Research to date suggests that encouraging increased physical activity and exercise engagement may be an effective way to improve symptoms, fitness, quality of life, and reduce time spent in hospital for bronchiectasis sufferers. However, relatively few patients continue to engage with exercise programs that are of benefit to their health and symptoms. Barriers to exercise are thought to include time constraints and the use of specialist equipment (e.g. cycle ergometers) which may not be available or accessible in the home (or hospital) setting. With these points in mind, there is growing interest in brief, relatively intense, interval exercise interventions for chronic lung disease sufferers as they require minimal equipment and may more easily translate back into the home setting. Of the types of approach this might include, both stair-based and walk-based interval exercise appear to be relatively safe, practical, and time-efficient ways to improve physical fitness and quality of life in previously untrained and clinical populations. However, the feasibility and effectiveness of their use by chronic lung disease patients, particularly those with bronchiectasis, is yet to be properly examined. The investigators therefore intend to recruit 10 bronchiectasis patients to explore the feasibility and effectiveness of minimal-equipment interval exercise interventions in this population. More specifically, the investigators would like to observe patients' acute physical and perceptual responses to four different step and walk-based protocols which have been established for other clinical populations. The investigators also wish to explore whether these protocols are engaged with, and enjoyed, during a six week unsupervised exercise intervention (in the home), as well as the effects of this six week unsupervised exercise period on physical fitness. This project will hopefully make a valuable contribution to the limited research to have examined the real-world application and impact of interval-type exercise interventions on exercise behaviour, health, and symptoms in bronchiectasis sufferers.


Clinical Trial Description

Baseline testing (Visit 1) Having completed informed consent and screening, participants will be invited to complete a hospital-based baseline physiological testing session.
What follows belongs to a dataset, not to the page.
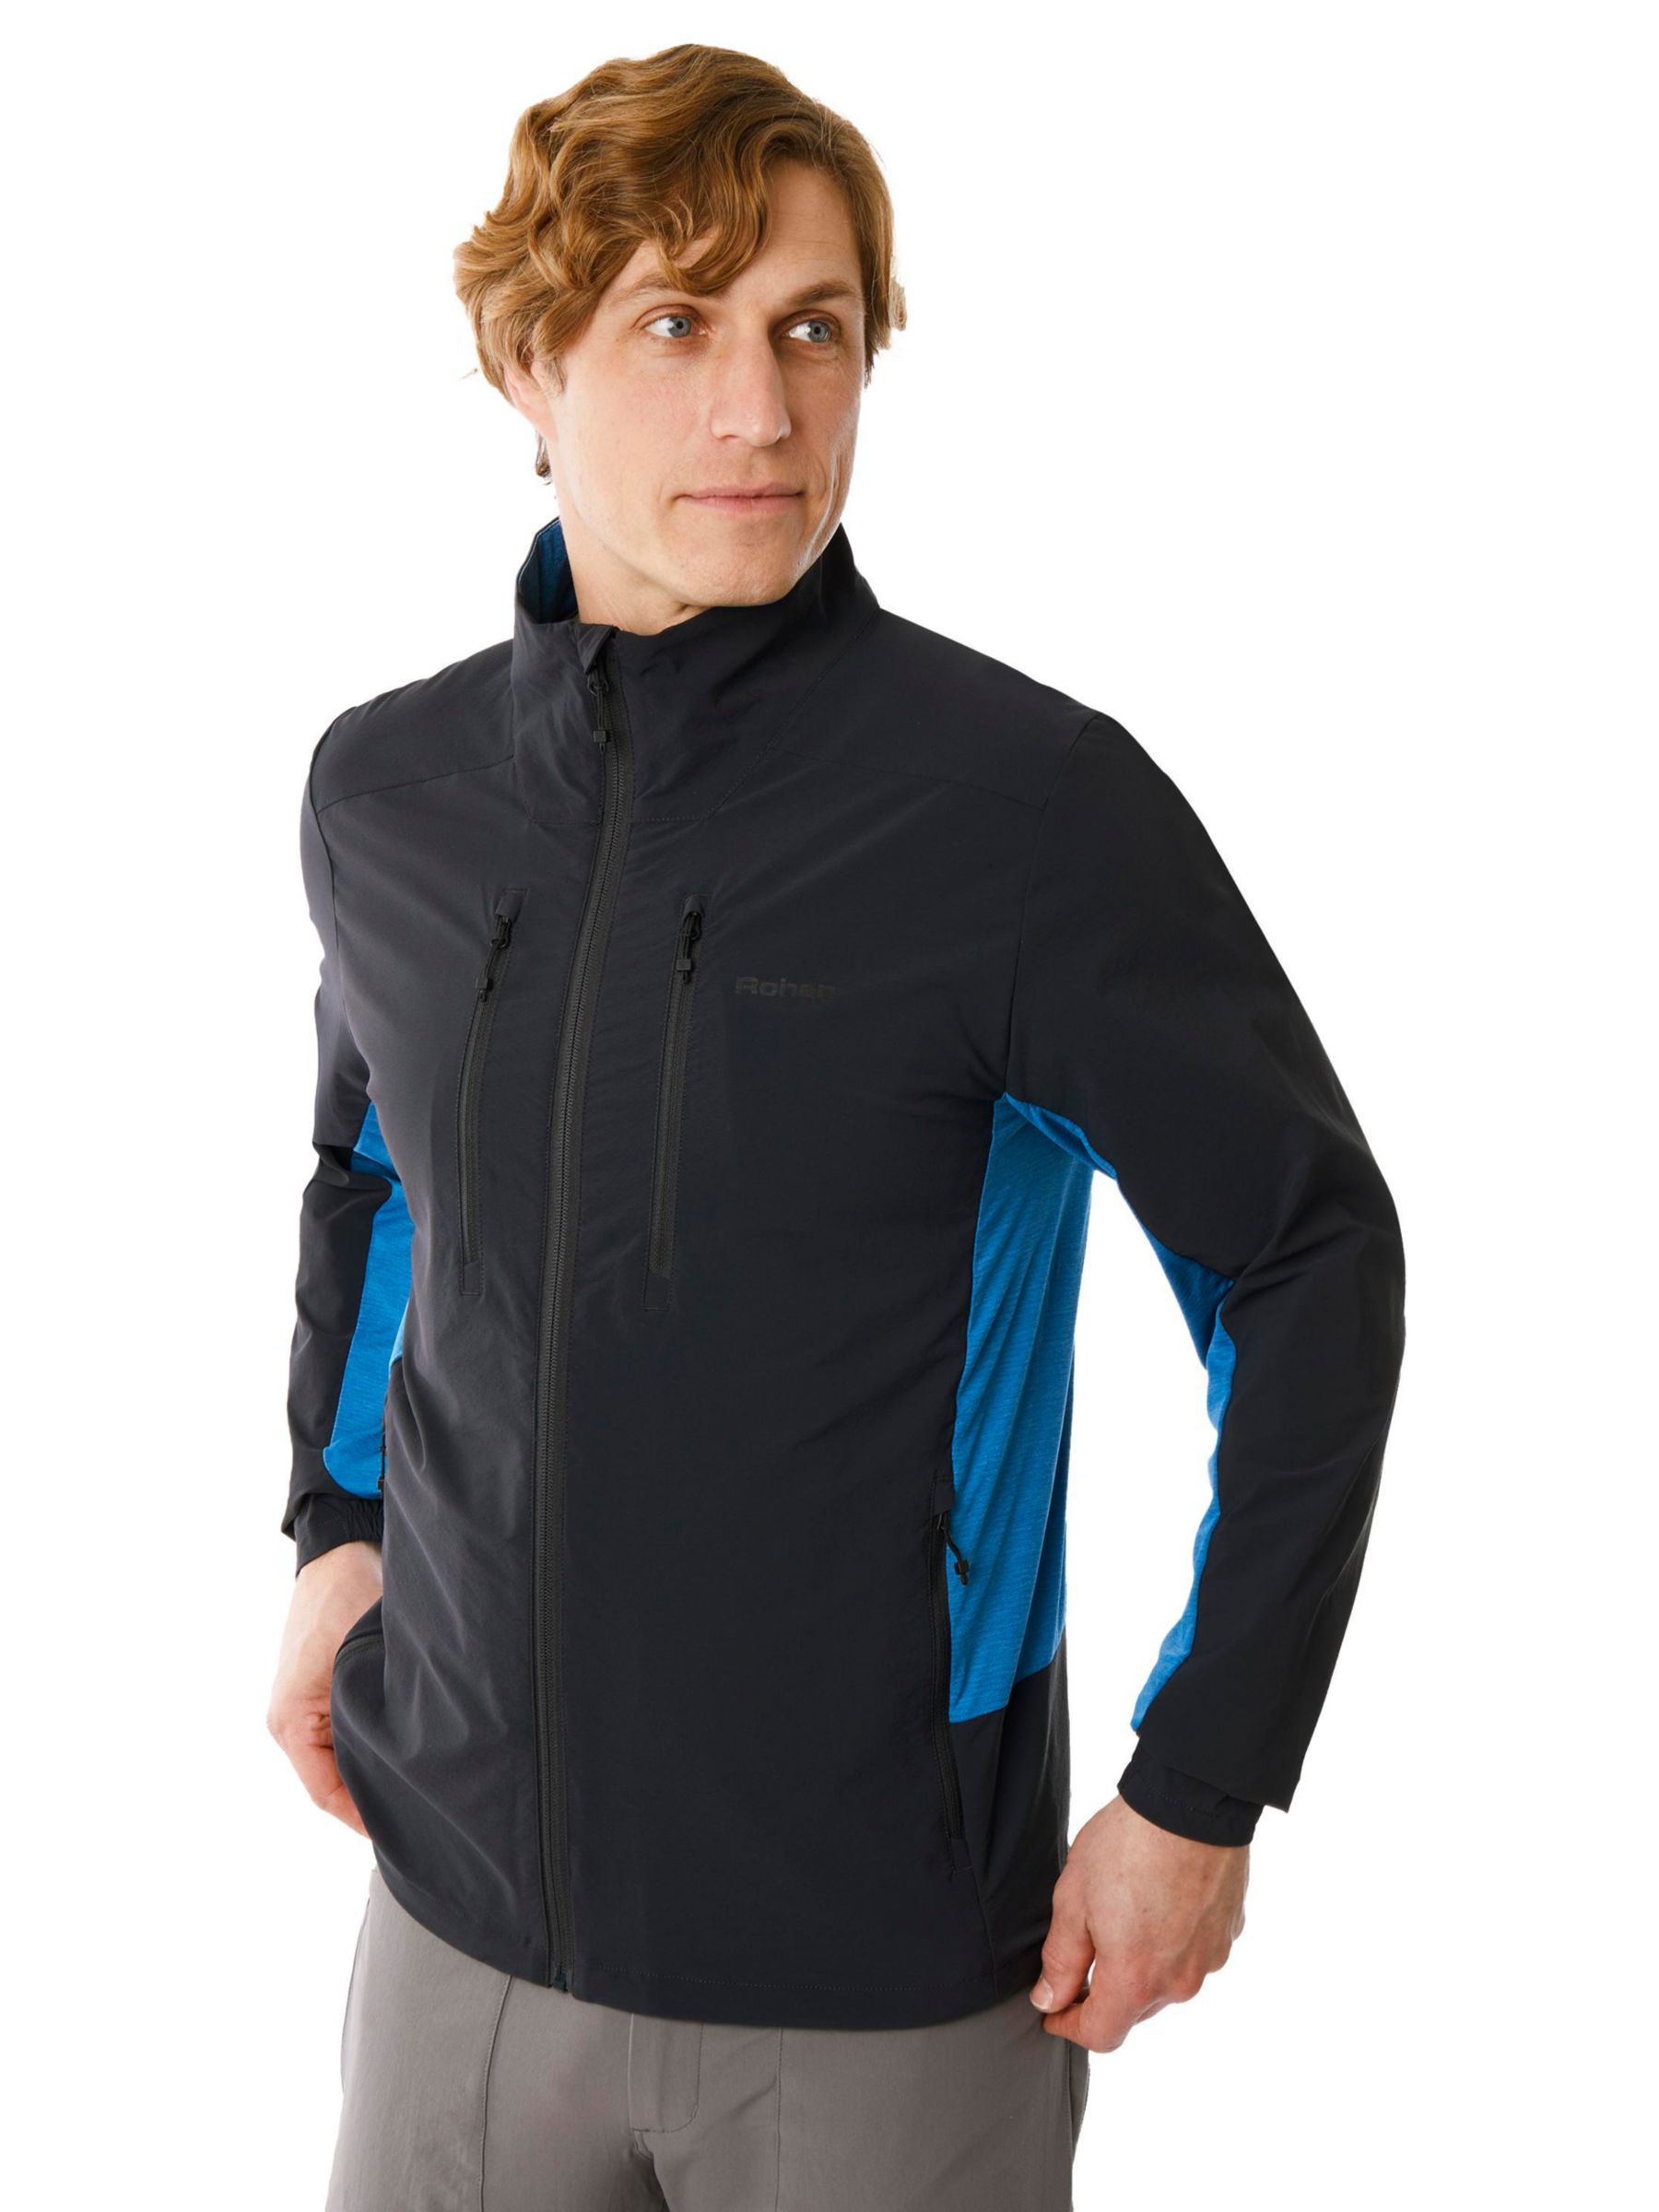 Rohan Fjell Vapour Stretch Jacket, True Navy/Electric Blue, S

The usual care of this participant group means that a clinical assessment of condition severity and associated spirometry measures (e.g. peak flow, forced vital capacity) will have already been completed which will be included in the study data. If this is not the case, then a member of the patient's usual care team (which may include members of the research team) will collect these baseline measures. Baseline physiological assessment will then be completed, including a self-paced six minute walk test (6MWT); an Isometric Quadriceps Strength Test (IQST); and an incremental, externally paced, symptom-limited Chester Step Test (CST ). Peak values for cardiorespiratory measures (i.e. heart rate, oxygen consumption and saturation, minute ventilation) will be established by way of clinically validated metabolic cart, oximeter and facemask applied during the incremental CST. Each of these tests will be delivered in the stated order across a 60 minute period, with each test followed by at least 5 minutes of rest to allow for adequate recovery and instruction.
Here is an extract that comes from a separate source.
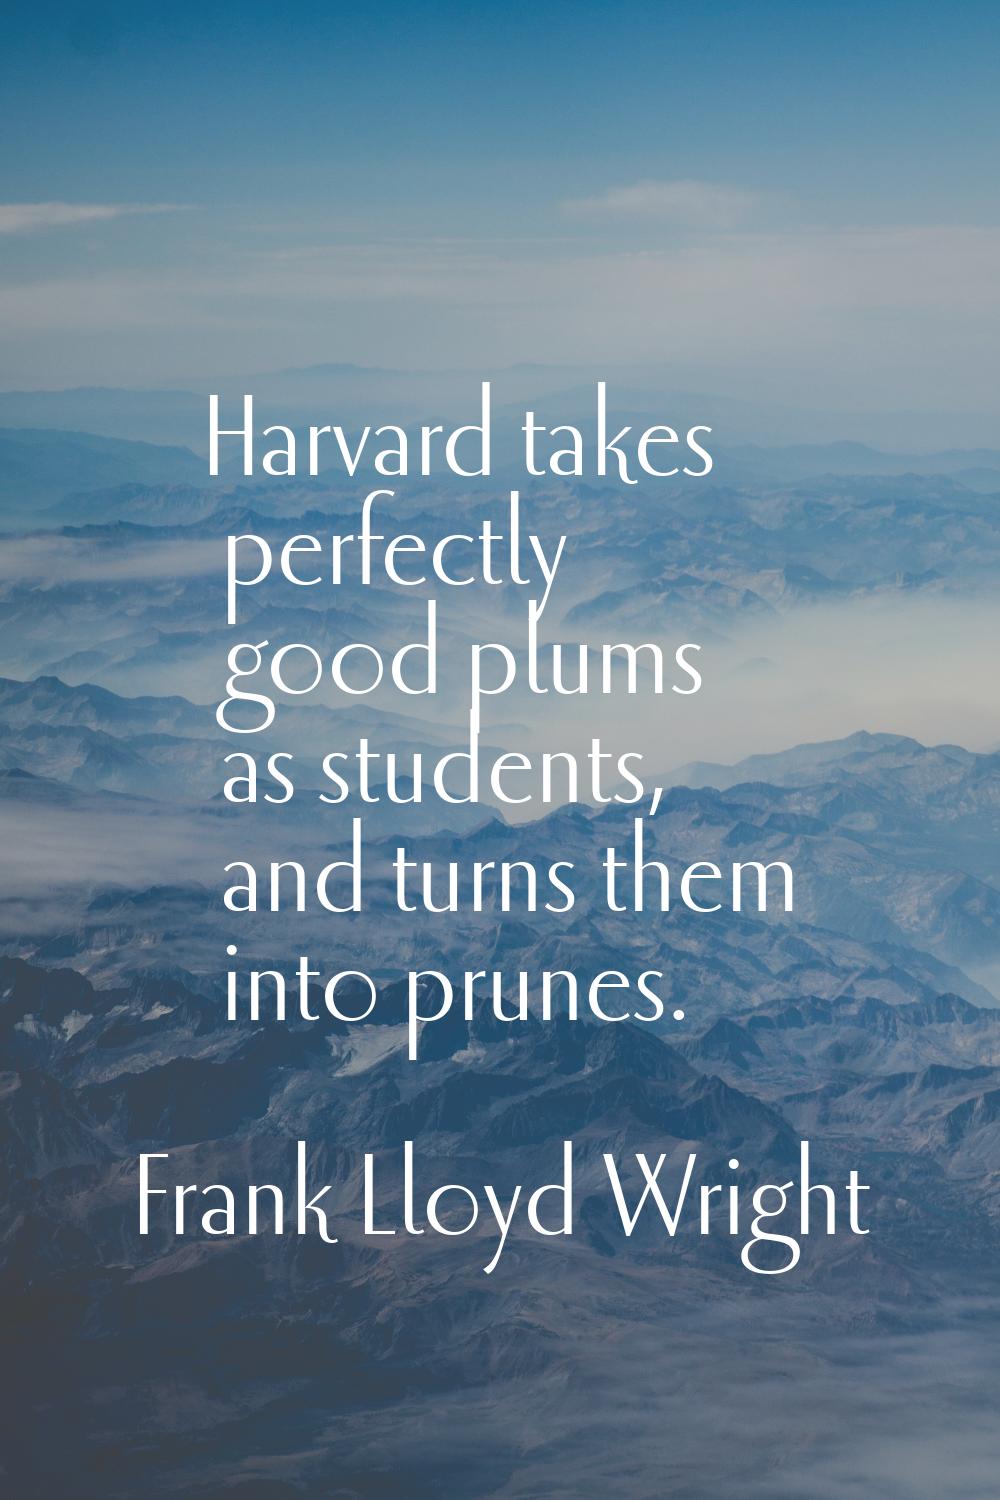 Harvard takes perfectly good plums as students, and turns them into prunes.

Acute high-intensity interval exercise trials (Visits 2-5) Four subsequent hospital-based (supervised) trials will require participants to complete differing formats of step-based or walking-based HIIE, in a randomised order established by an online random sequence generator. Mean and peak values for cardiorespiratory responses (i.e. heart rate, oxygen consumption, minute ventilation) will be established by way of clinically validated metabolic cart and face-mask applied for the duration of each protocol. Whilst the same format of each HIIE session will prescribed to each participant, their completion of each work and rest period (and the duration of these) will be subject to symptom limitation (i.e. they will be permitted to shorten work and/or extend rest periods if symptoms dictate).
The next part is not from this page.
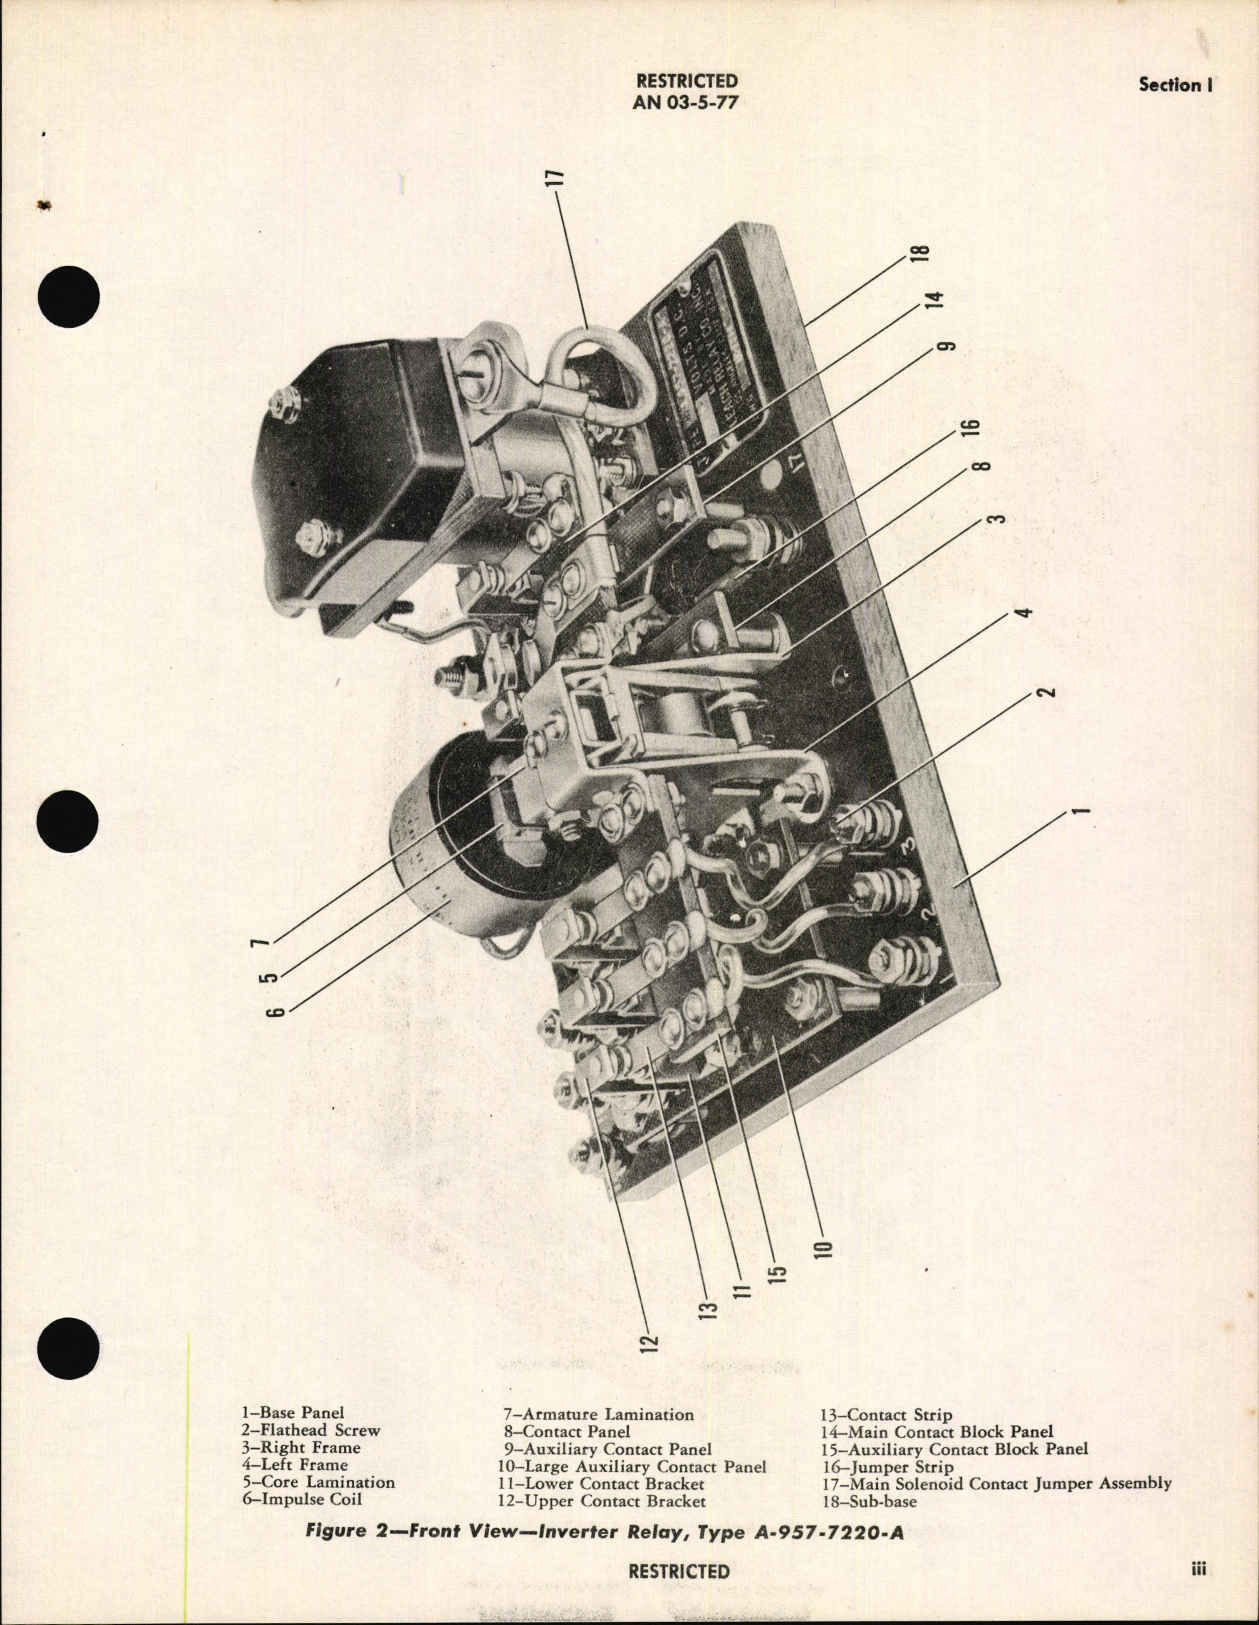 Sample page 5 from AirCorps Library document: Overhaul Instructions with Parts Catalog for Inverter Relay A-957-7220-A

Post-HIIE questions will be verbally asked of participants at the end of each exercise session, including;

Did they enjoy this type of exercise? Would they like to try this exercise at home? Did they feel safe when completing this exercise? What will be the major barrier for them to not try this exercise at home?

In addition to their initial responses, participants will be invited to offer a brief explanation as appropriate. All responses will be recorded by dictaphone and subsequently transcribed by a member of the research team for later analysis.

Unsupervised 6 week high-intensity interval exercise intervention Having completed all acute high-intensity interval exercise trials, participants will then complete 6 weeks of home-based unsupervised exercise, initially incorporating their preferred format of stair and/or walking-based HIIE, three days per week. They will be encouraged to gradually progress exercise load (i.e. repetitions, work-to-rest ratio, and/or sessions per week) to a maximum of 6 x 60 seconds, five times per week (i.e. ~12 minutes total). Measures of physiological status, symptoms and well-being will be logged throughout (i.e. heart rate, dyspnea, respiratory quality of life, anxiety and depression).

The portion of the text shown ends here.